─── Data

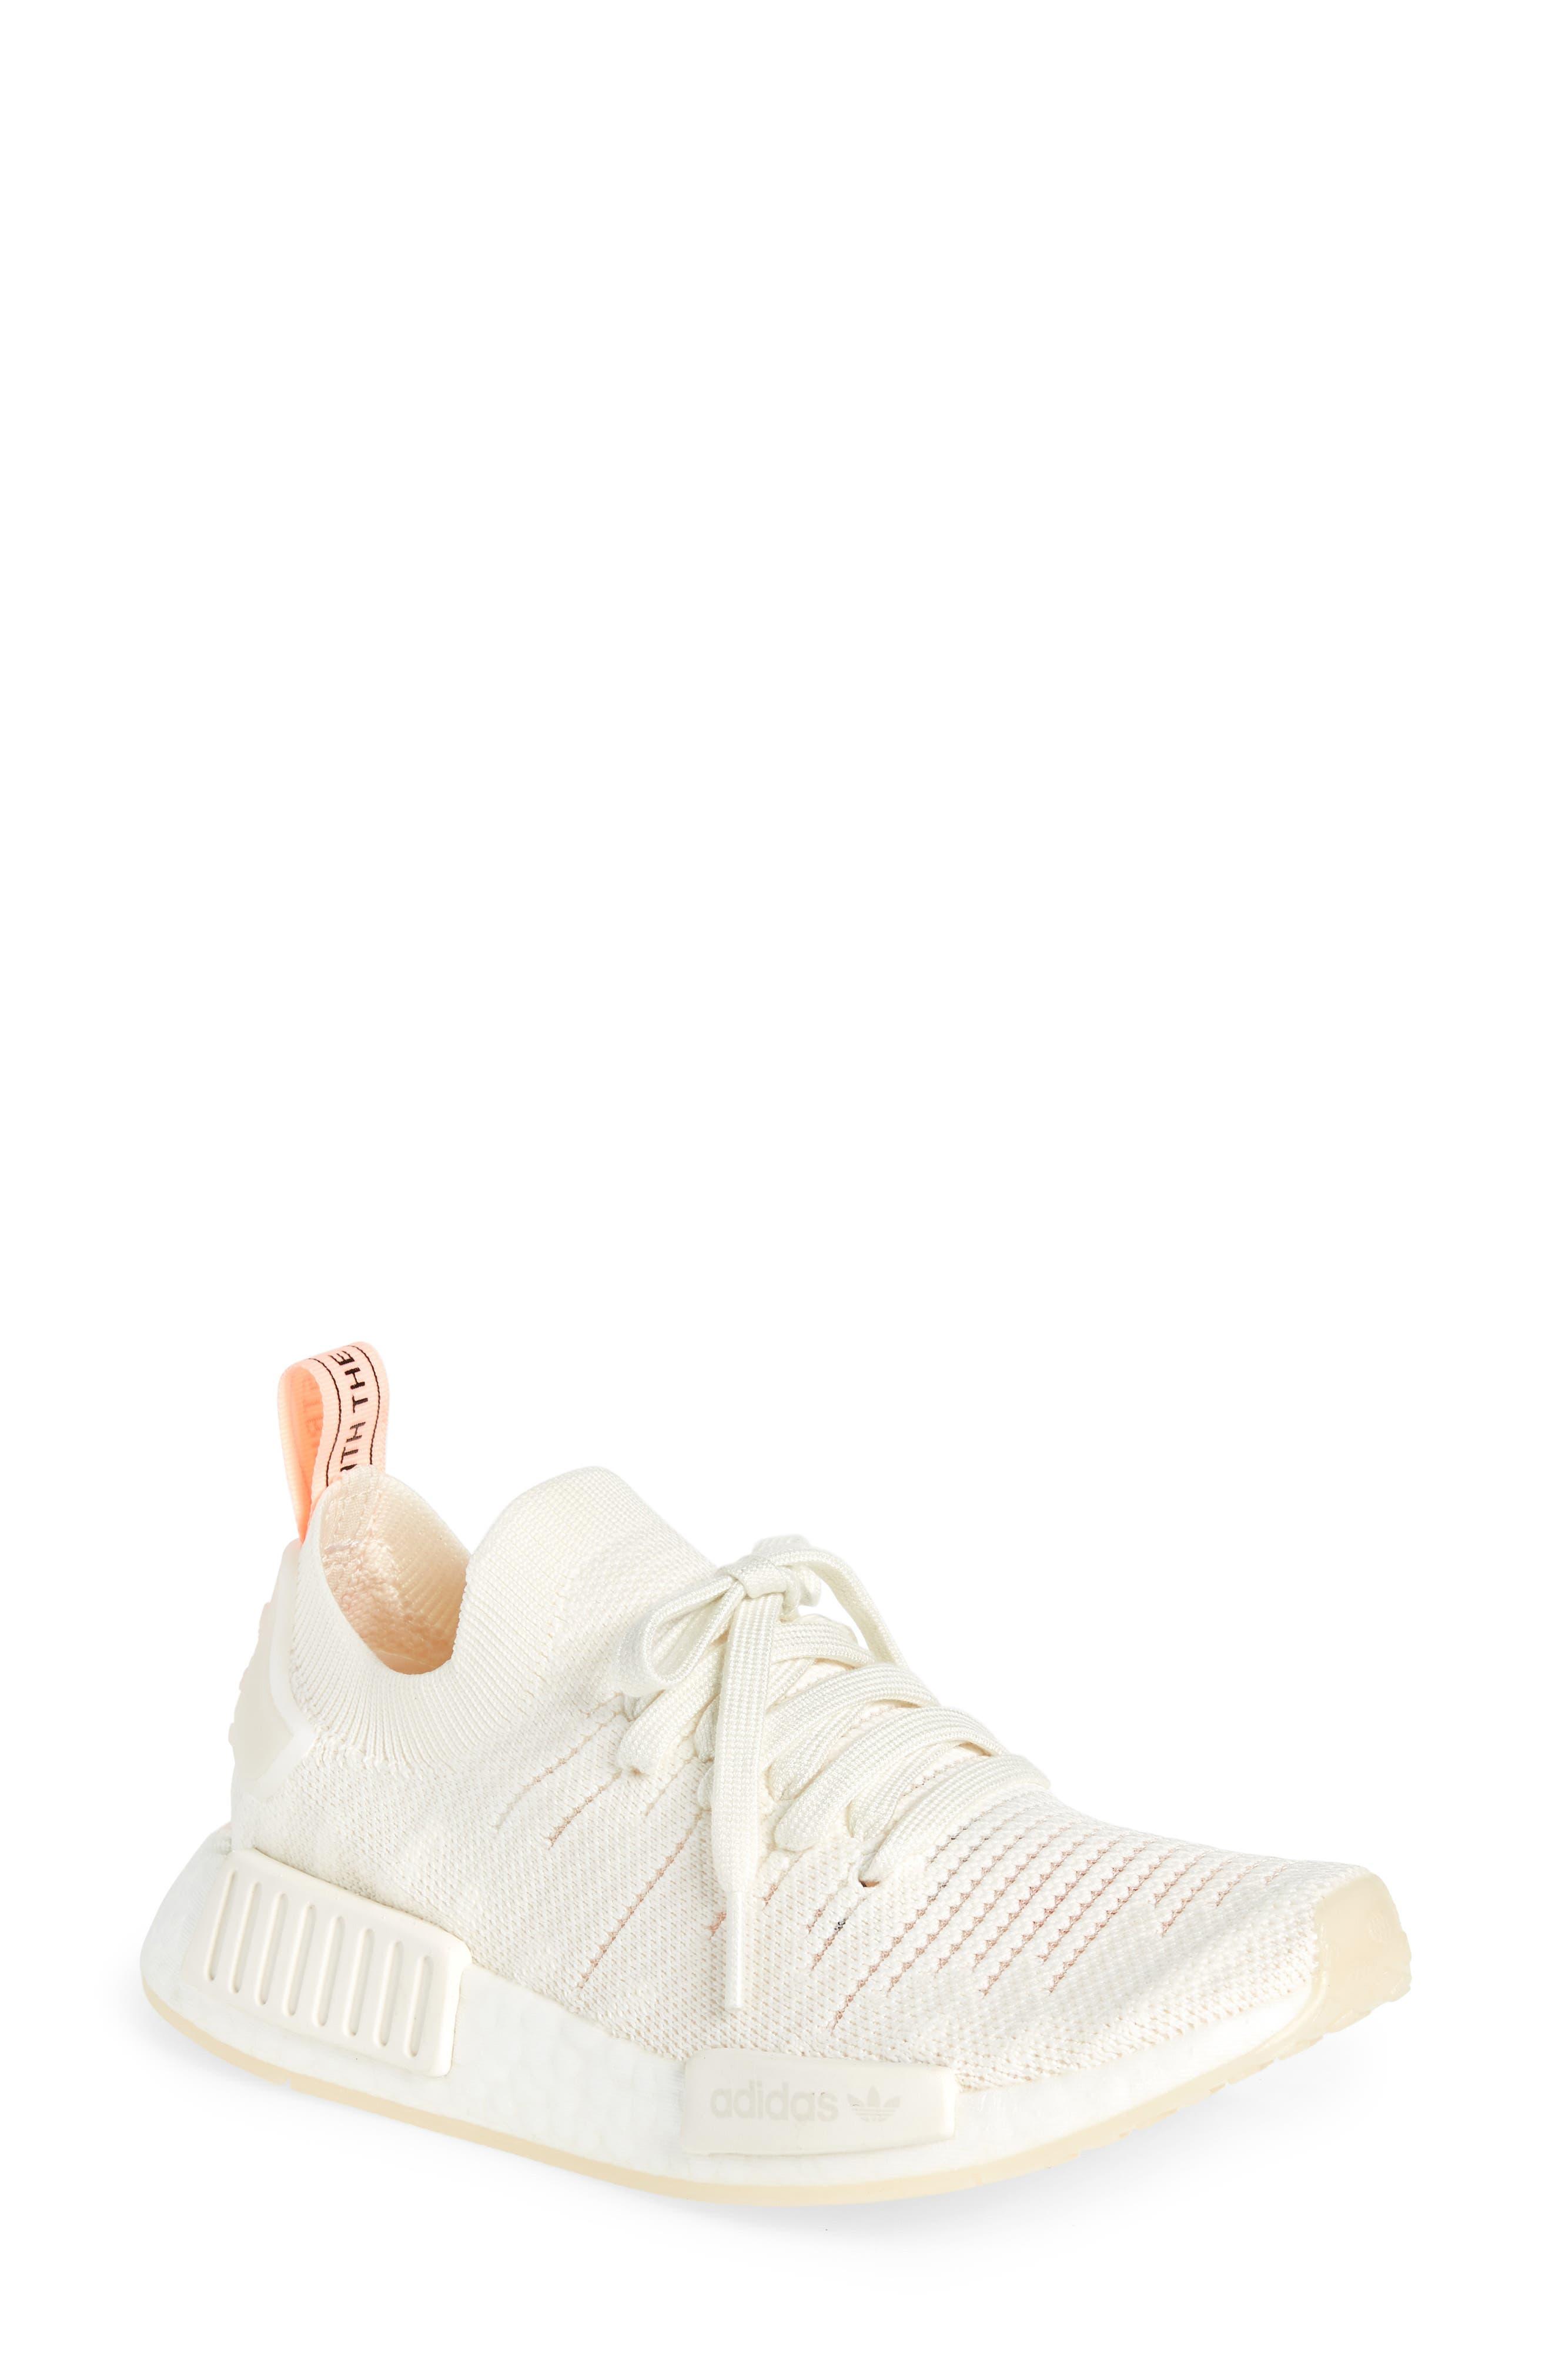 nmd_r1 stlt primeknit shoes womens white
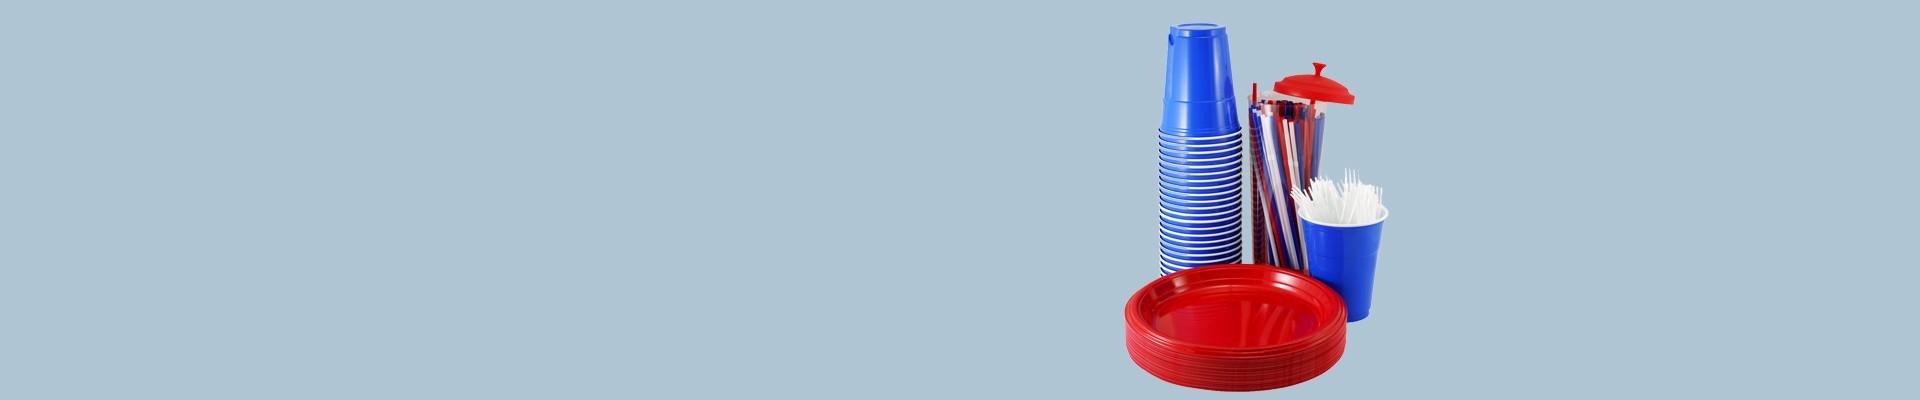 Jual Piring Kertas & Gelas Kertas (Paper Cup) Harga Grosir
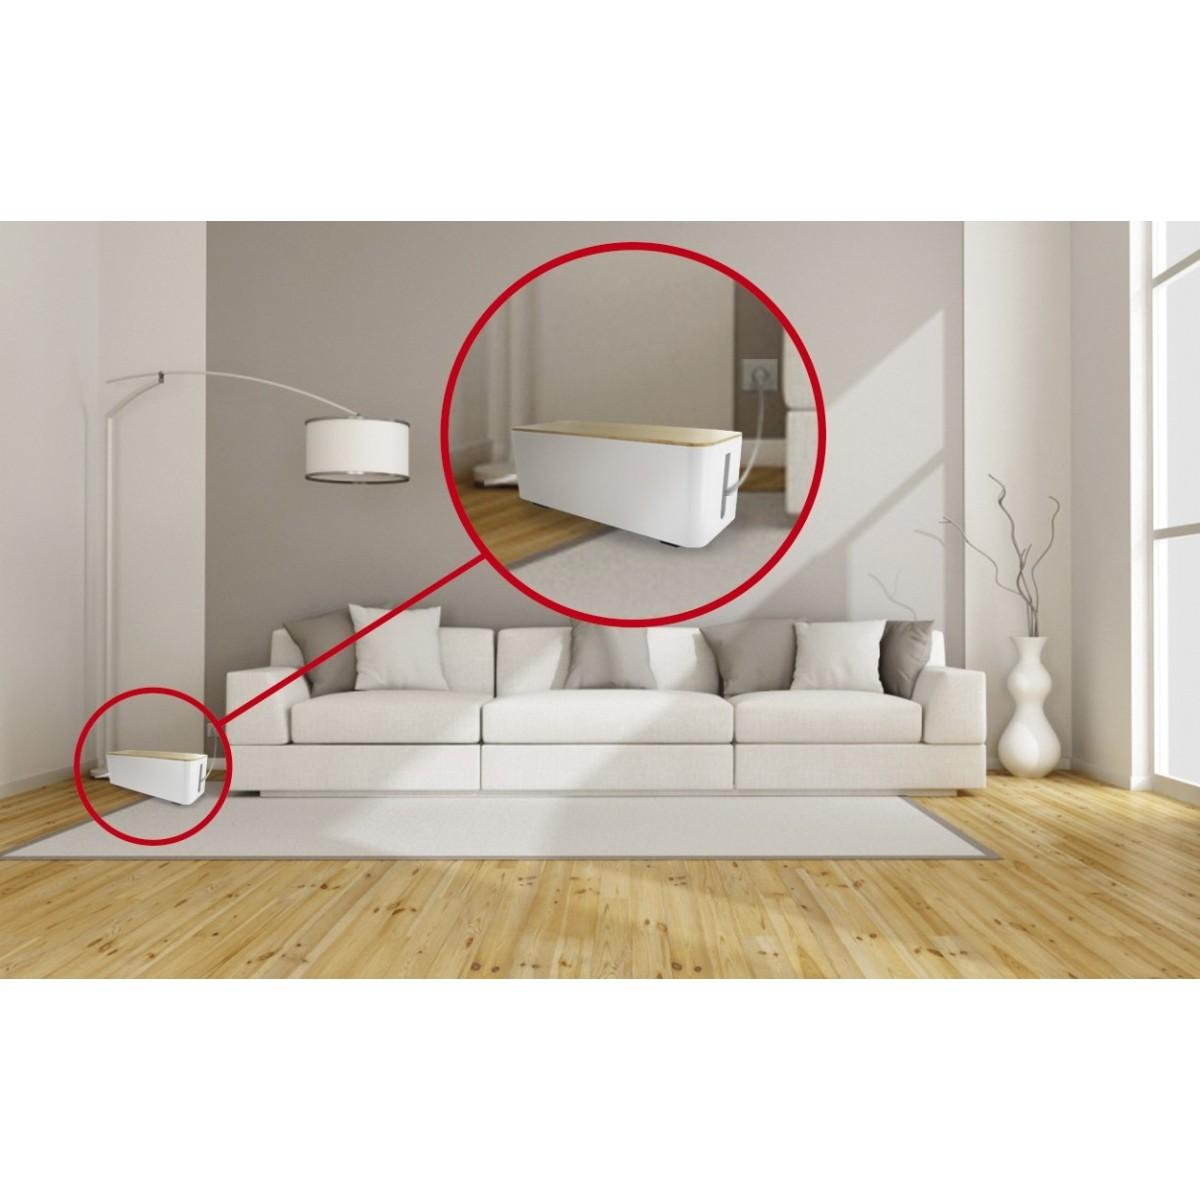 coffret de rangement c bles et multiprises grande taille. Black Bedroom Furniture Sets. Home Design Ideas

──────

> Required work: Everything from the line with "Jual Piring Kertas" through the end of the listing above, both ends included, should be set down exactly; copy nothing else, and skip the pictures.

> Solution:
 Jual Piring Kertas & Gelas Kertas (Paper Cup) Harga Grosir
 coffret de rangement c bles et multiprises grande taille. Black Bedroom Furniture Sets. Home Design Ideas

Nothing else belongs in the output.